恐怖的威压如海啸般席卷开来。大乘后期巅峰的力量化作无形巨手,把那三名魔族生生攥在半空。

「咔嚓咔嚓」的骨碎声响起,连惨叫都来不及发出,三具躯壳便在虚空里被碾成肉泥。

魔魂在狂暴的灵力里发出「滋滋」的消融声,眨眼间灰飞烟灭。

连一丝尘埃都未能留下。

狂暴的余波把整个玄清仙府的结界震得粉碎,灵树折断,廊下的宫灯一盏接一盏的爆裂。

临渊盯着怀里的猫,素来沉稳的手,竟在微微颤抖。

三千年修行,他未曾慌过,未曾怕过,甚至连自己的生死都不放在心上。

可此时此刻,他抱着怀里这团温热,却清晰的感觉到她的体温正在急速流失。

曾经那么软、那么暖的一小只,如今冷的像一块刚从冰窟里捞出来的顽石。

「别睡。」

临渊低声开口,声音沙哑的厉害,带着他自己都未曾察觉的颤抖。

「阿九,别睡。」

阿九虚弱的趴在他胸口,意识不断朝深不见底的黑暗坠落。肩膀疼,经脉疼,连尾巴尖都像针扎一样。

她勉强伸出舌头,舔了舔爪子上的血迹,腥甜里带着灵猫族特有的苦涩。

「你......」阿九有气无力的掀了掀眼皮,声音断断续续,却依旧嘴硬,

「你要是死了......本喵去哪儿找这么好用的聚灵阵......」

临渊的手臂猛然收紧。

他把她贴在心口,玄色长袍将她裹得严严实实,浑厚的灵力不要命的顺着掌心渡入她的体内。

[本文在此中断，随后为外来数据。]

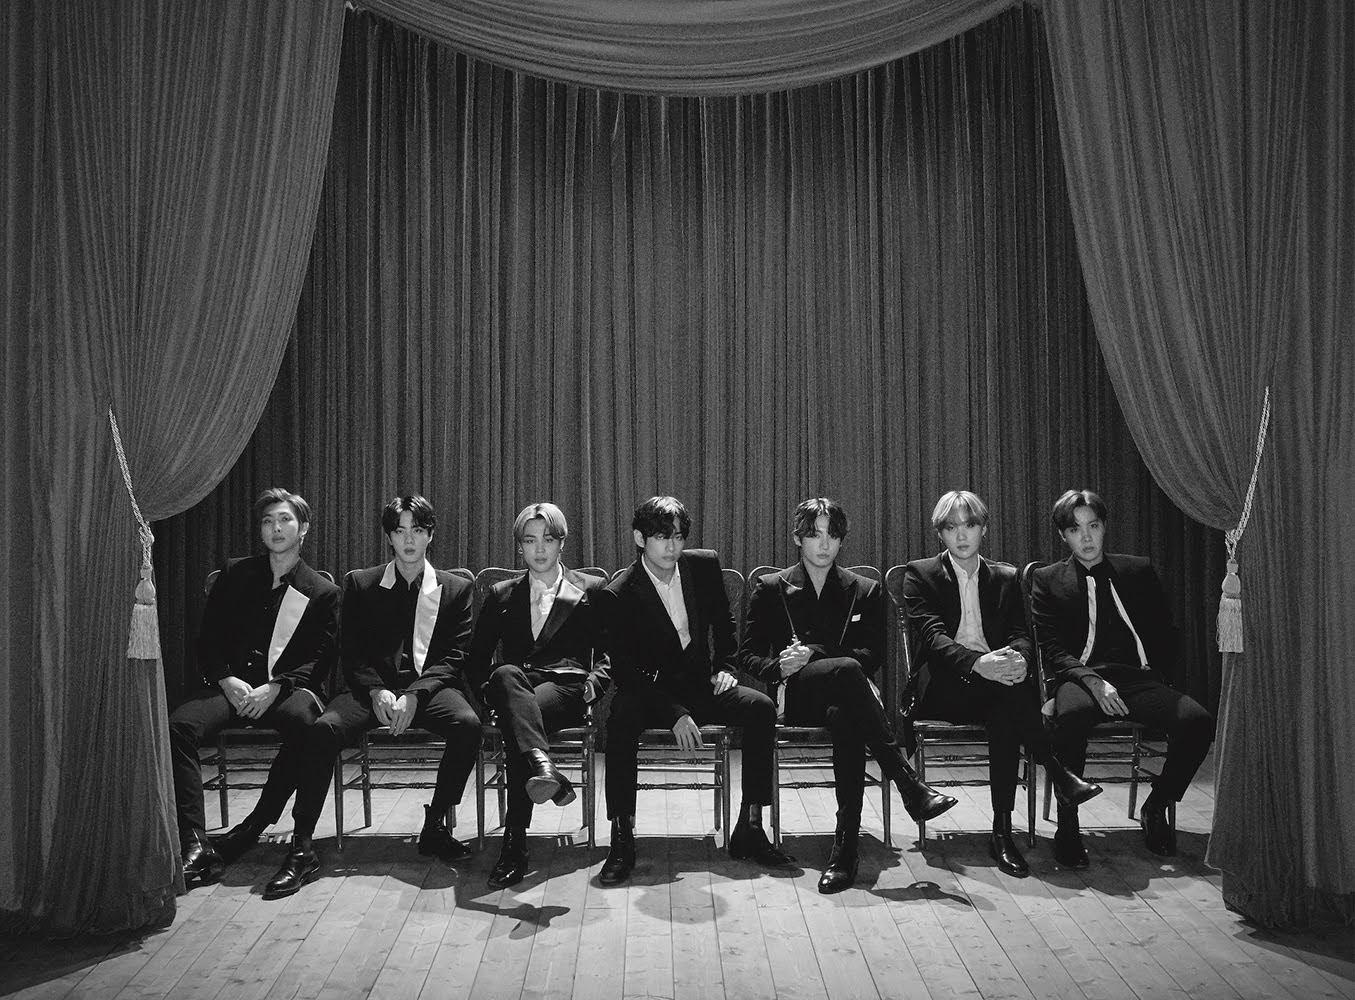 BTS 為日劇「 螺旋的迷宮~DNA科學搜查 ~ 」唱主題曲〈Stay Gold〉 6月19日全球同步問世

可那些灵力像落入了无底深渊,无论灌注多少,都留不住她流逝的生机。

阿九的金瞳逐渐涣散,她看着临渊那张紧绷的脸,看着他眼底那抹浓烈到化不开的晦暗。

「......本喵才没睡。」

她细若蚊蚋的嘟囔了一句,尾巴无力的垂落下去,搭在他的手腕上。

「本喵只是......有些乏了,养个神......」

话音未落,她眼皮一沉,彻底晕死过去。

在最后一名魔族化为飞灰的刹那,空气里回荡着他临死前狂喜而怨毒的诅咒:

「九命灵猫......终于找到你了......」

「尊上......等了你三千年......」

余音散尽。

临渊低头看着怀中生机微弱的猫,看着她额间那两道金纹——一道明亮,一道正如同风中残烛般渐渐熄灭。

尊上??

等了三千年??

他抱着她,恍惚间又回到了千年前那个暴雨倾盆的夜晚。那只浑身是血的幼猫,也是这般缩在他掌心里,

瑟瑟发抖,体温一点点冷下去。

他以为他护住了她。

他以为当年把她送入渡劫池,便是一场漫长的永别。

却不想,三千年后,她再次满身是血的倒在他怀里,只为了替他挡下致命的一击。

临渊抱着昏迷不醒的阿九,心里那座坚不可摧的无情道碑,轰然裂开了一道缝隙。

她嘴里嚷着「护食」,可拼了命要护的,分明是他这个人。

而他,修了三千年的无情道,第一次生出了「绝不放手」的执念。

这执念,比世间任何心魔都要可怕。